Indian banks are tightening their workforce, with fresh data showing a steady reduction in employee strength. The trend points to a structural shift in banking operations. As digital transactions rise and physical branch footfalls stabilise, lenders are increasingly relying on automation and artificial intelligence-led underwriting. 

Among large private lenders, HDFC Bank saw its total employee count decline from 2.15 lakh in FY25 to 2.11 lakh in FY26. Similarly, Axis Bank trimmed its workforce to 1.01 lakh in FY26 from 1.04 lakh in FY25 and 1.04 lakh in FY24. 

“While we added 400 branches during the year, our total workforce declined by 3% year on year, driven by technology leverage and key gains at both employee and branch levels,” Amitabh Chaudhry said in the post earnings media call. 
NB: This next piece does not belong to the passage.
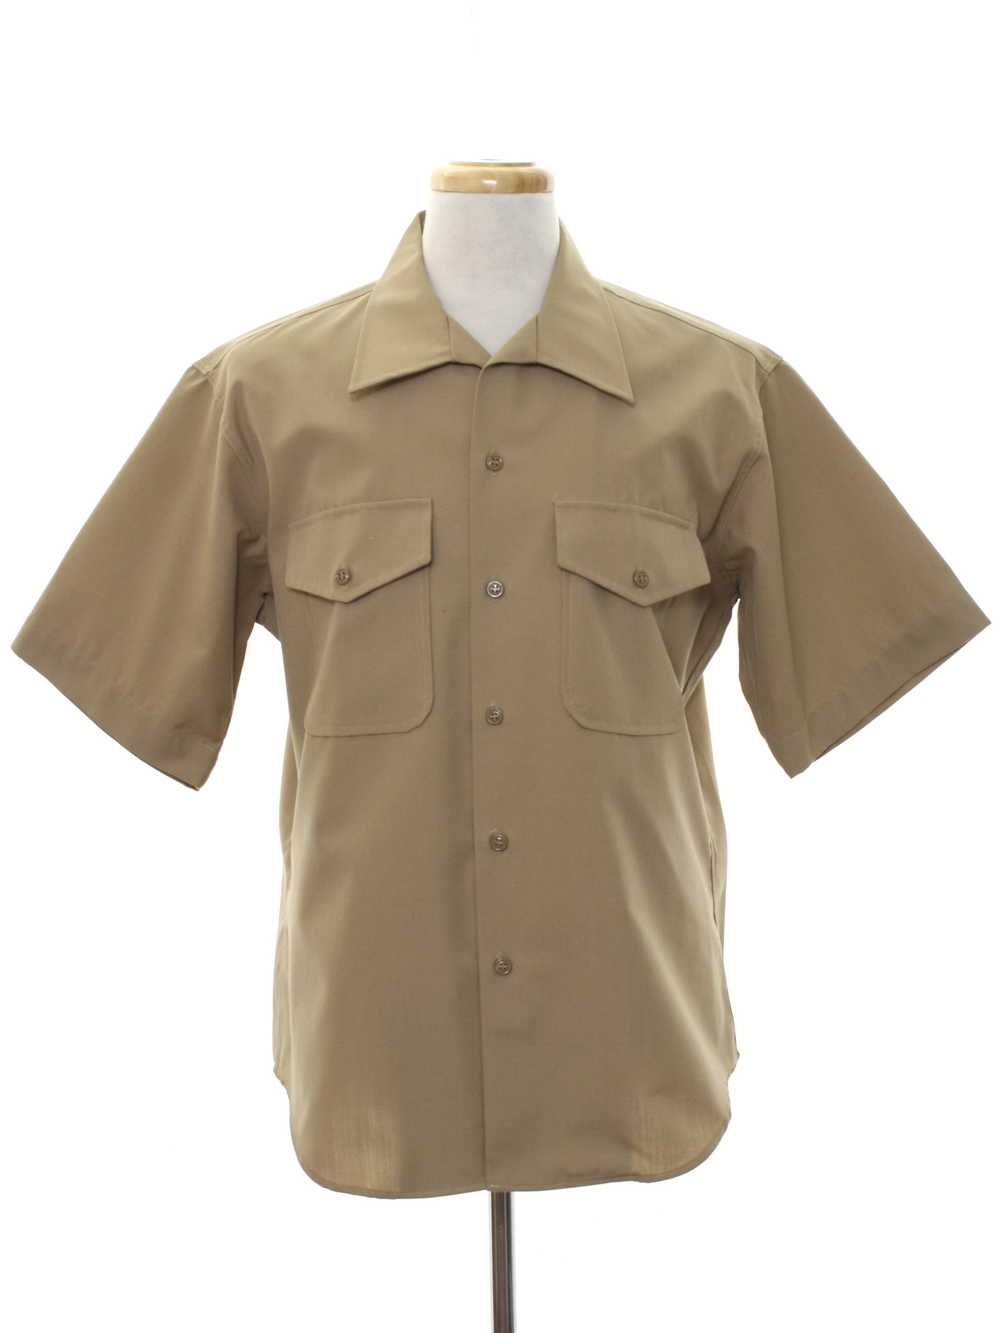 1960's Arrow Mens Uniform Shirt - image 1

Data for ICICI Bank shows employee strength at 1.3 lakh in FY25, lower than 1.4 lakh in FY24, indicating that rationalisation had begun earlier. At RBL Bank, employee strength fell to 13,316 in FY26 from 14,265 a year earlier, continuing a gradual moderation after peaking in FY25.
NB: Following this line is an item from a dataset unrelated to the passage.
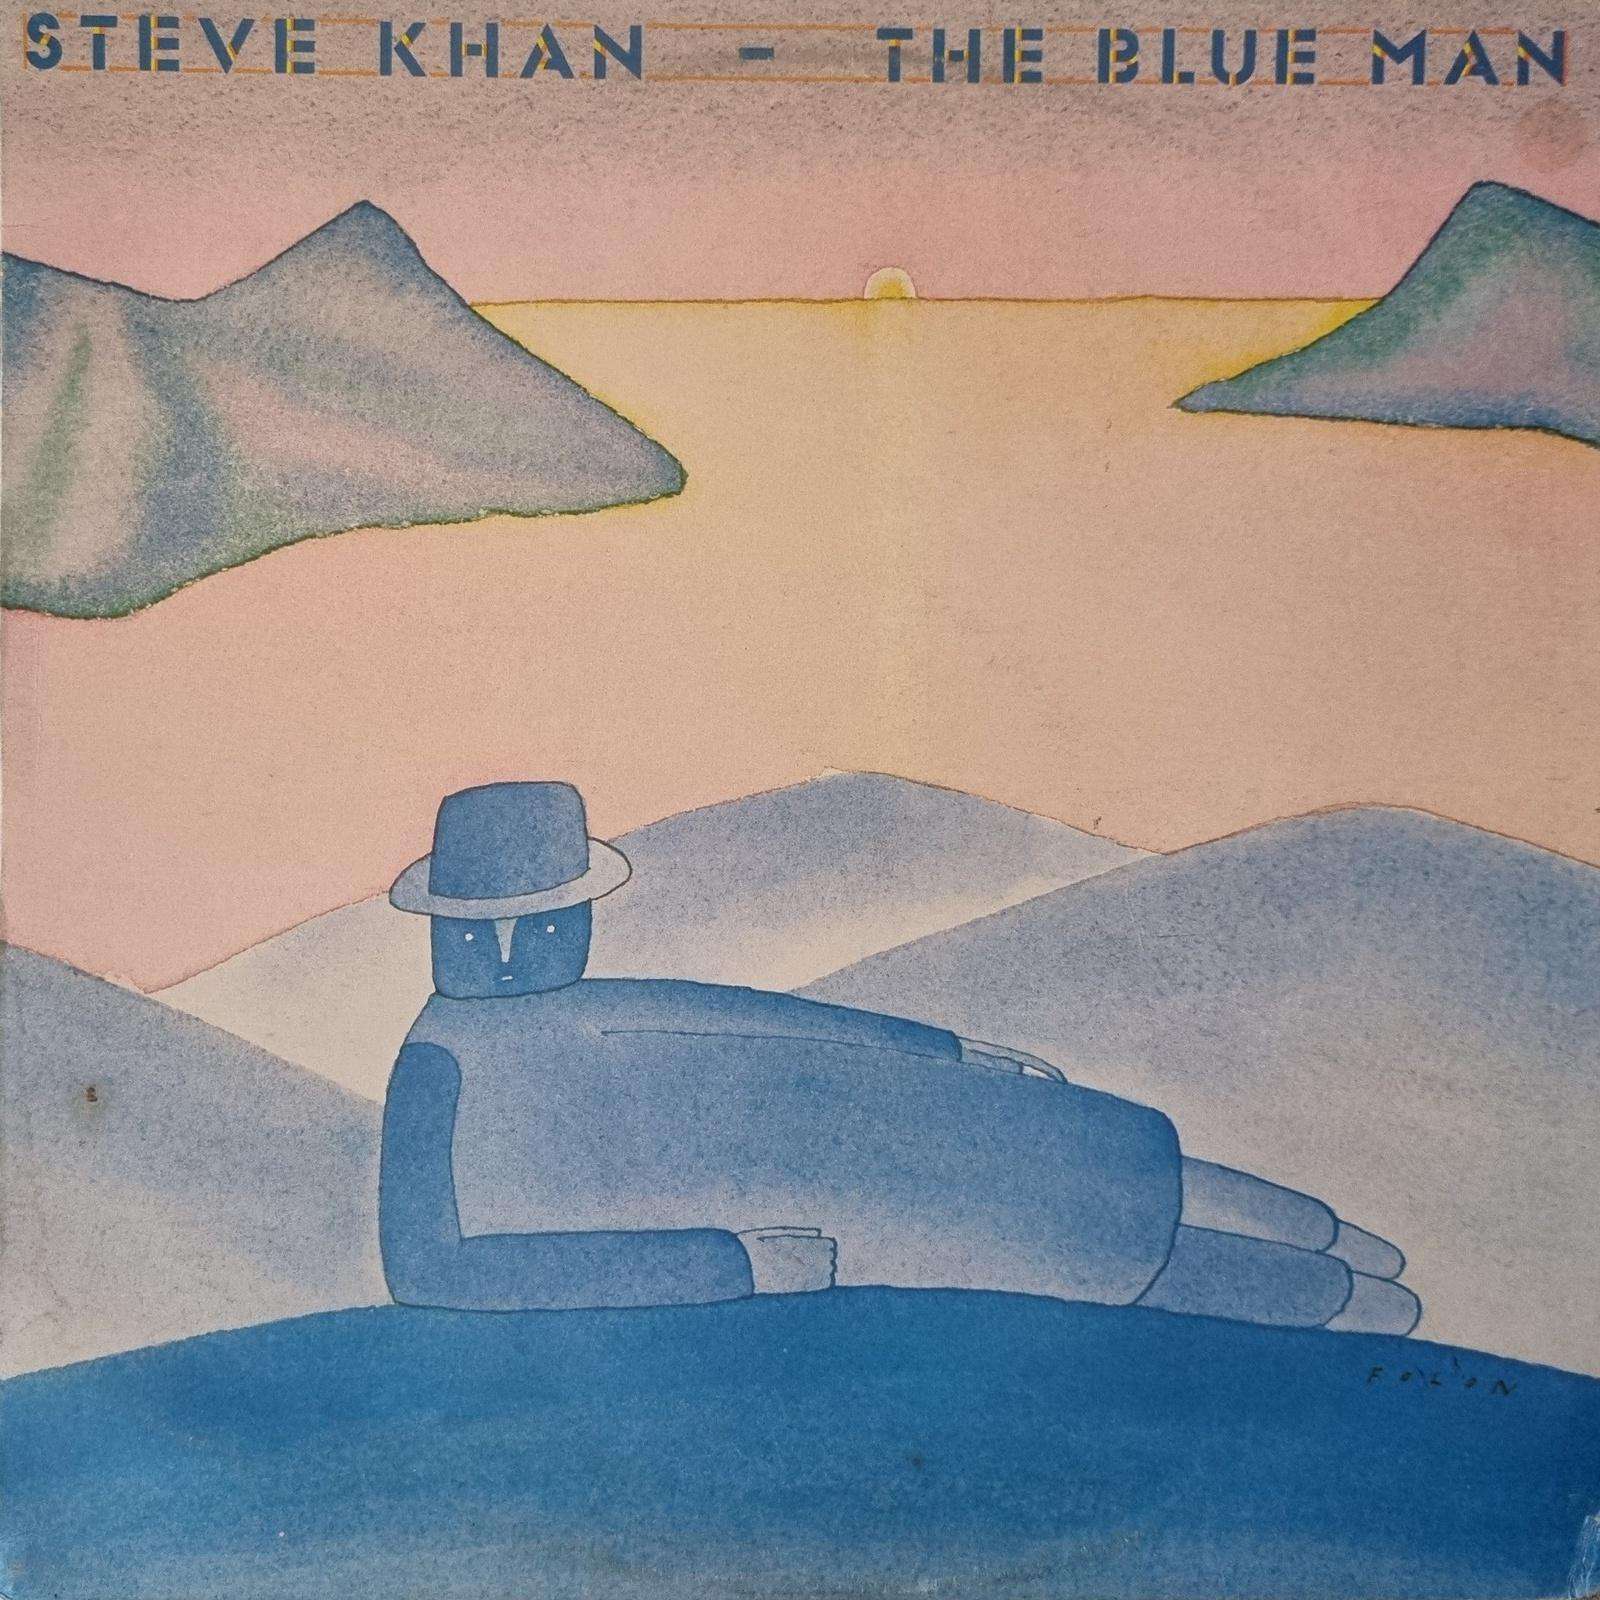 Steve Khan - The Blue Man

DCB Bank Managing Director and CEO Praveen Kutty said that they have gone back to 11,300 people which is lower than around 11, 900 employees the bank had in September 2024.

“So, we are still below that peak (September 2024). But I would tend to imagine that we will close this year with higher number of people as there is still opportunity, and demand,” Kutty said. 

Public sector lender Union Bank of India also reported a marginal dip in headcount to 73,885 in FY26 compared with 73,900 in FY25, although its workforce remains broadly stable over the last three years. 

The aggregate employee expense for 14 banks, which have announced their quarterly results, stood at Rs 1.04 lakh crore for the financial year ended March 31, marking a growth of 6.14% on year. This growth is the lowest in the last five years, according to data sourced from Capitaline.